Sports

The Stadium That Becomes a Pitch

Sixteen venues across three countries had to become World Cup stadiums without a single new one being built. The 2026 conversions are a master class in designing for a building's second job.

By Maren Iso5 min read
June 29, 2026

Maren Iso, Principal, Preconstruction · Edited by Jules Whitfield

A soccer stadium scoreboard reading 90:00 at full time under stadium lights

The 2026 World Cup ran 104 matches across 16 venues in the United States, Mexico, and Canada, and here is the detail that should interest anyone who manages buildings: not one of those venues was newly built for it. Every host stadium was an existing arena — mostly NFL stadiums — retrofitted to become something it was not designed to be, then handed back afterward.

That is a construction problem disguised as a sports story, and it is a genuinely hard one. A football field and a FIFA pitch are not the same dimensions. Eight of the sixteen venues had permanent artificial turf that had to be replaced with grass. MetLife Stadium pulled 1,740 seats to widen the field. Houston installed roughly 81,000 square feet of natural grass — indoors.

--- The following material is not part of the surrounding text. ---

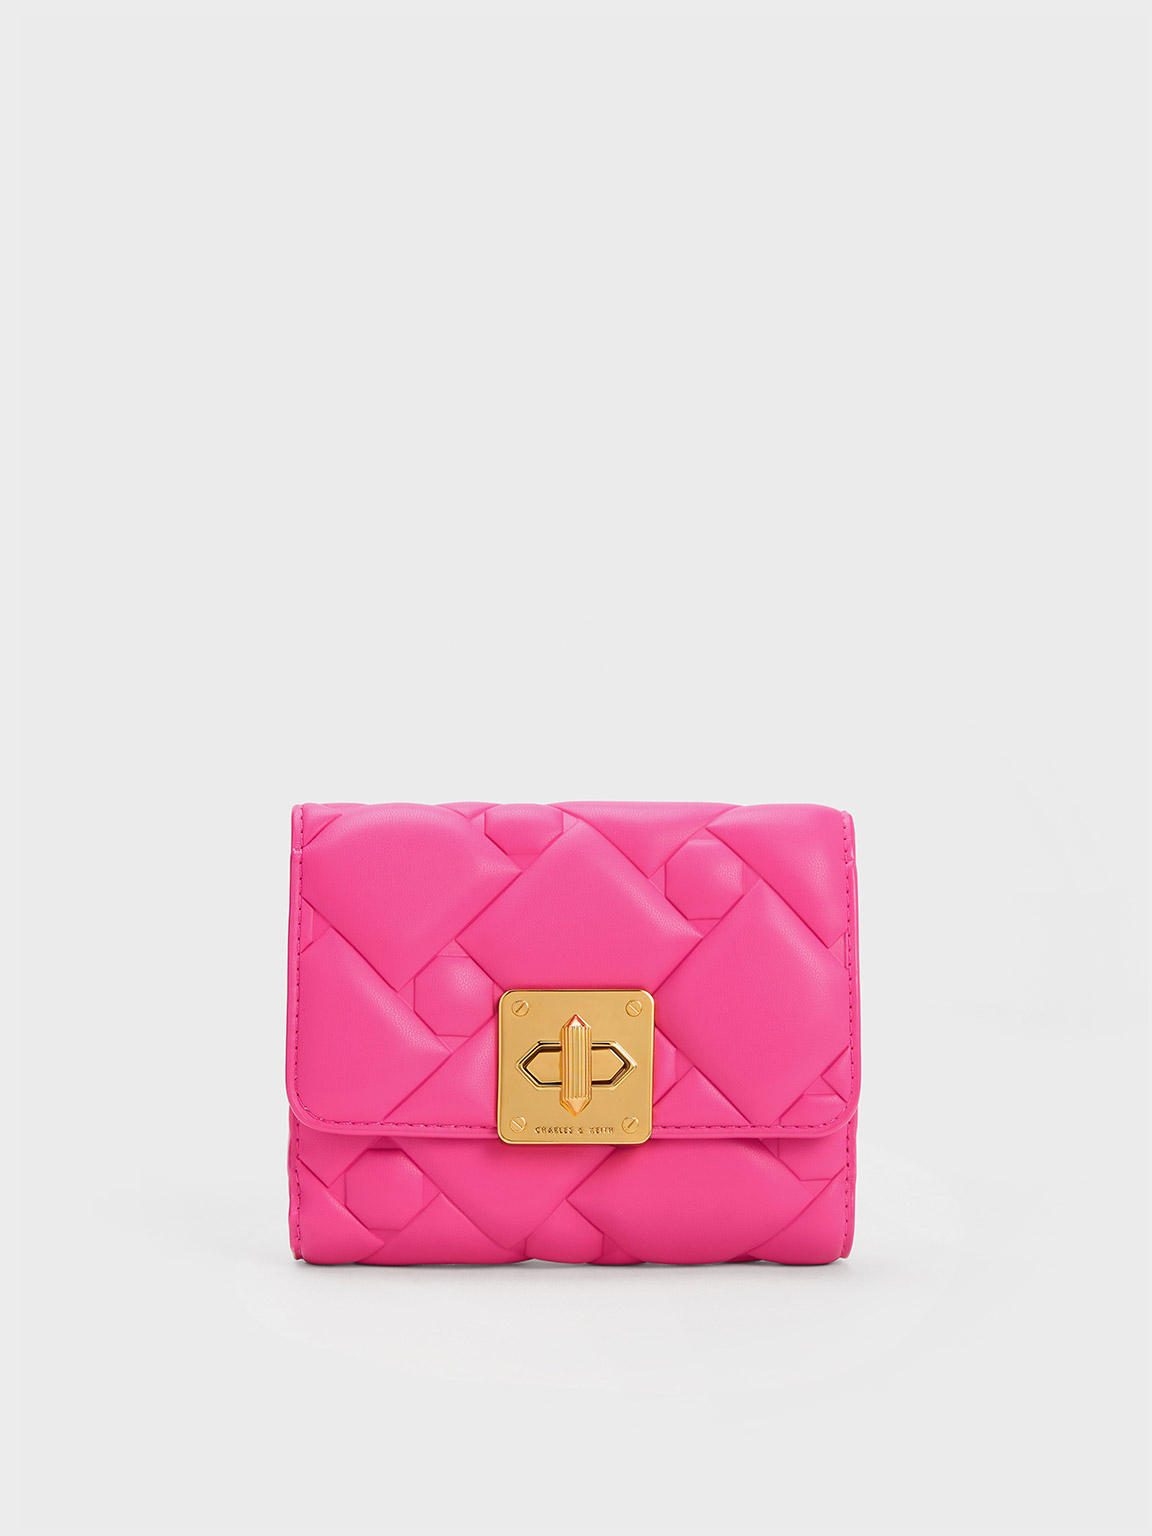 Tillie Quilted Chain Bag - Fuchsia

The cost of a temporary transformation

None of this is cheap, and the spend tells you where the difficulty lives. Lumen Field ran about 19.4 million dollars covering field infrastructure, security, and transportation. Levi's Stadium had just wrapped a 200-million-dollar renovation, new video boards and sound among it. Broadcast infrastructure — fiber backbone, production compounds, commentary booths — was rebuilt at every venue to hit FIFA's global standard.

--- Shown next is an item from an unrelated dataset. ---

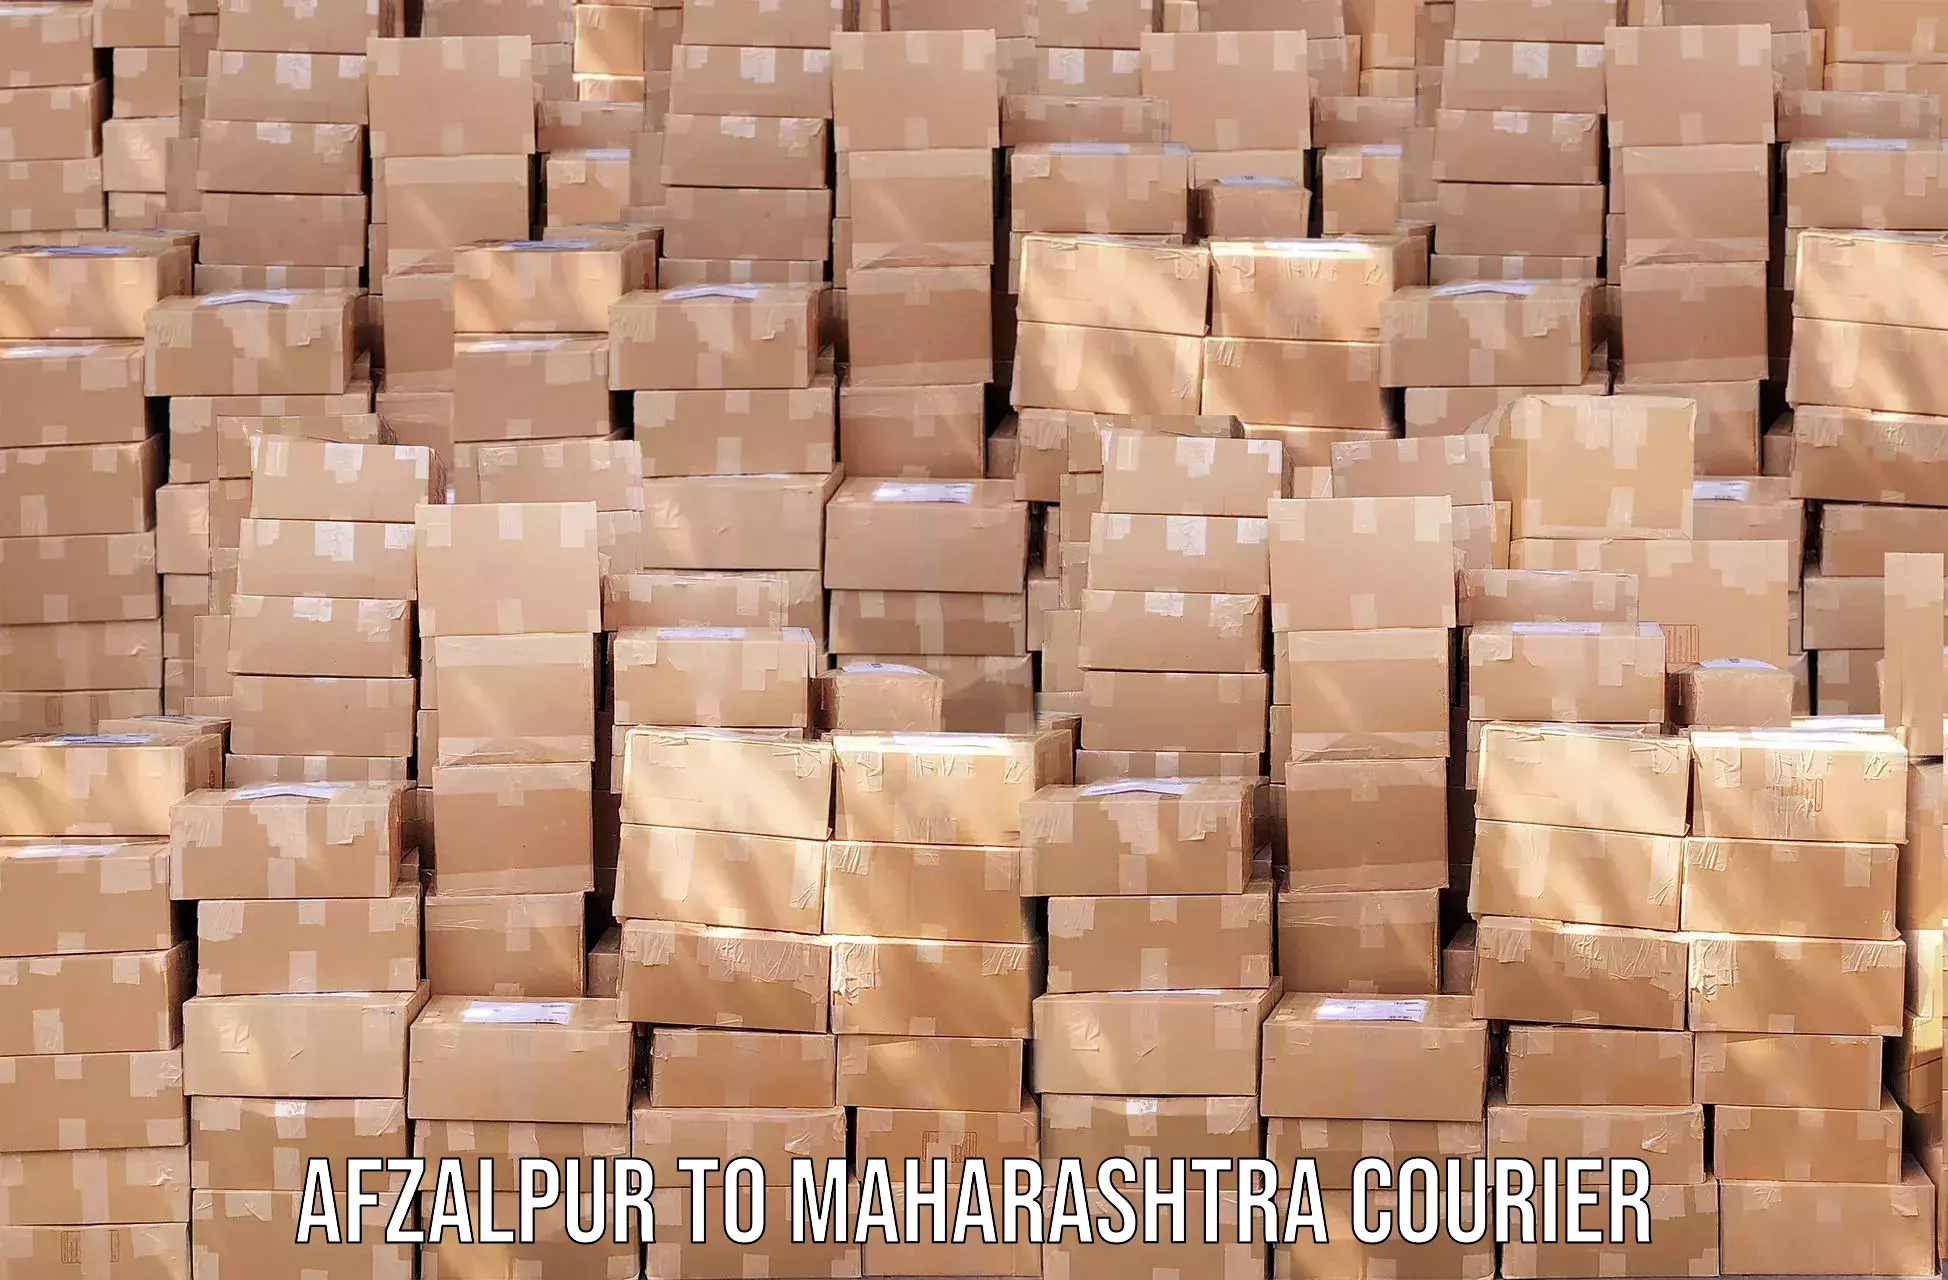 Nationwide shipping capabilities Afzalpur to Latur

The hardest builds are not the ones that stand forever. They are the ones that have to be undone.
Maren Iso

What makes a temporary conversion harder than new construction is that it carries two constraints at once. It has to perform flawlessly for the event, and it has to be reversible afterward, because the building has a day job to return to. You are not just building — you are building something engineered to come apart cleanly. That is a different discipline, and it rewards planning over improvisation.

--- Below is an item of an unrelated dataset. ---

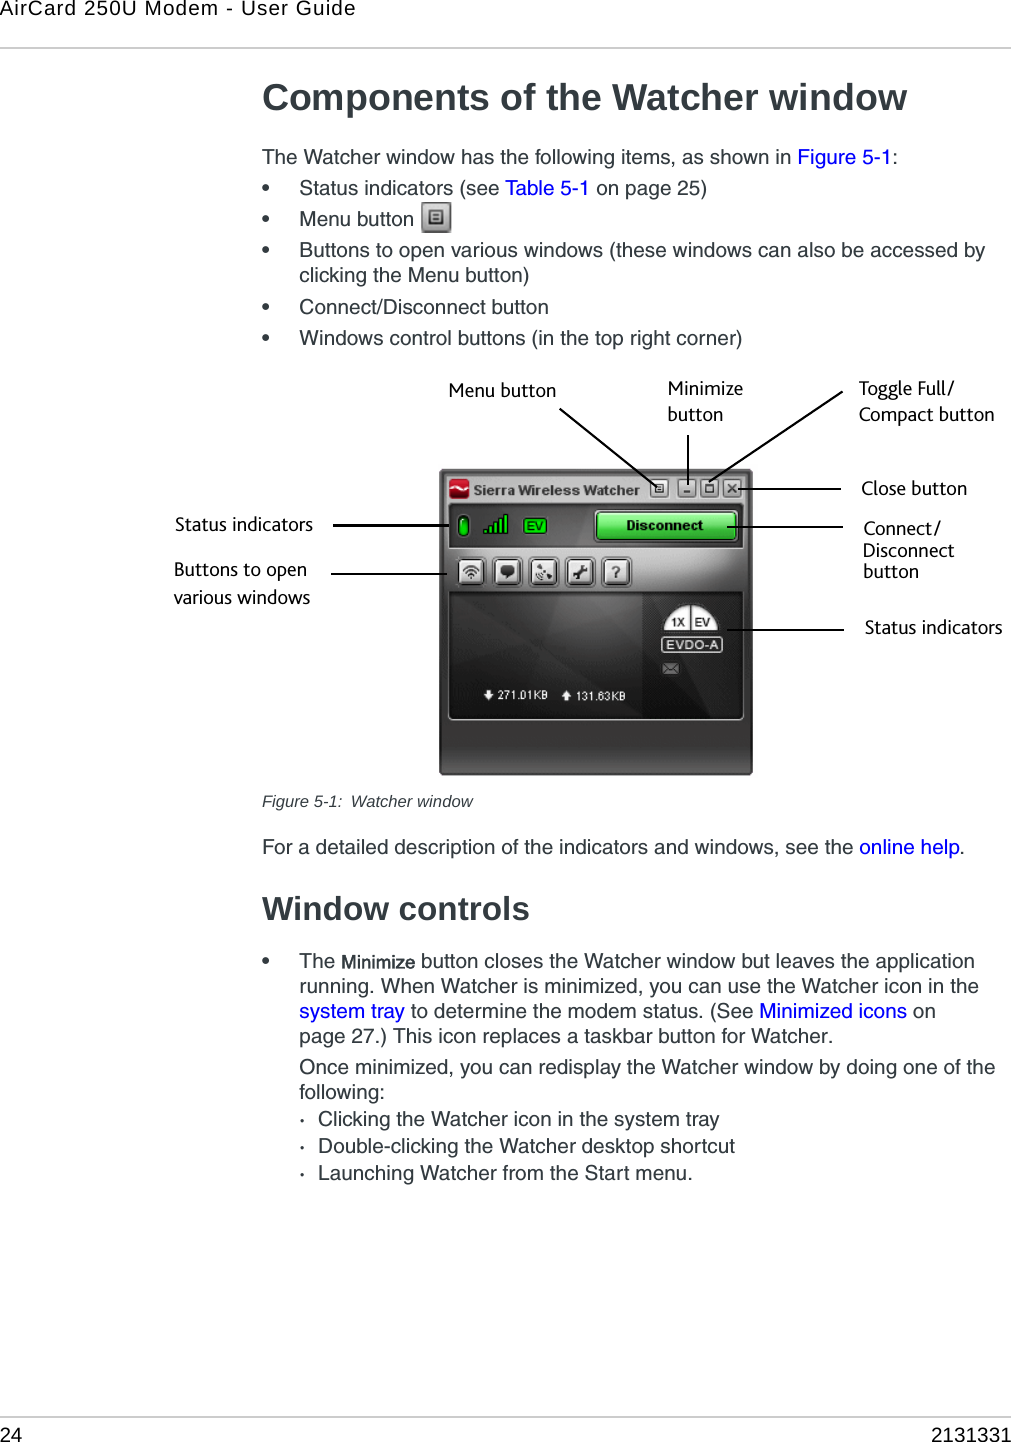 AirCard 250U Modem - User Guide24 2131331Components of the Watcher windowThe Watcher window has the following items, as shown in Figure 5-1:•Status indicators (see Tabl e 5 - 1  on page 25)•Menu button •Buttons to open various windows (these windows can also be accessed by clicking the Menu button)•Connect/Disconnect button•Windows control buttons (in the top right corner)Figure 5-1: Watcher windowFor a detailed description of the indicators and windows, see the online help.Window controls•The Minimize button closes the Watcher window but leaves the application running. When Watcher is minimized, you can use the Watcher icon in the system tray to determine the modem status. (See Minimized icons on page 27.) This icon replaces a taskbar button for Watcher.Once minimized, you can redisplay the Watcher window by doing one of the following:·Clicking the Watcher icon in the system tray·Double-clicking the Watcher desktop shortcut·Launching Watcher from the Start menu.Toggle Full/Close buttonMinimizeMenu buttonbuttonDisconnectConnect/ button Compact buttonButtons to openvarious windowsStatus indicatorsStatus indicators

There is a lesson in it for the far less glamorous work most of us do: phased occupancy in an operating hospital, a school renovated over a summer, a courthouse that cannot close. The World Cup venues are the extreme case of a problem we solve constantly — how to change a building that is not allowed to stop being itself. The teams that pulled it off did it the same way we do: by deciding, early, exactly how the temporary state comes apart before they ever built it.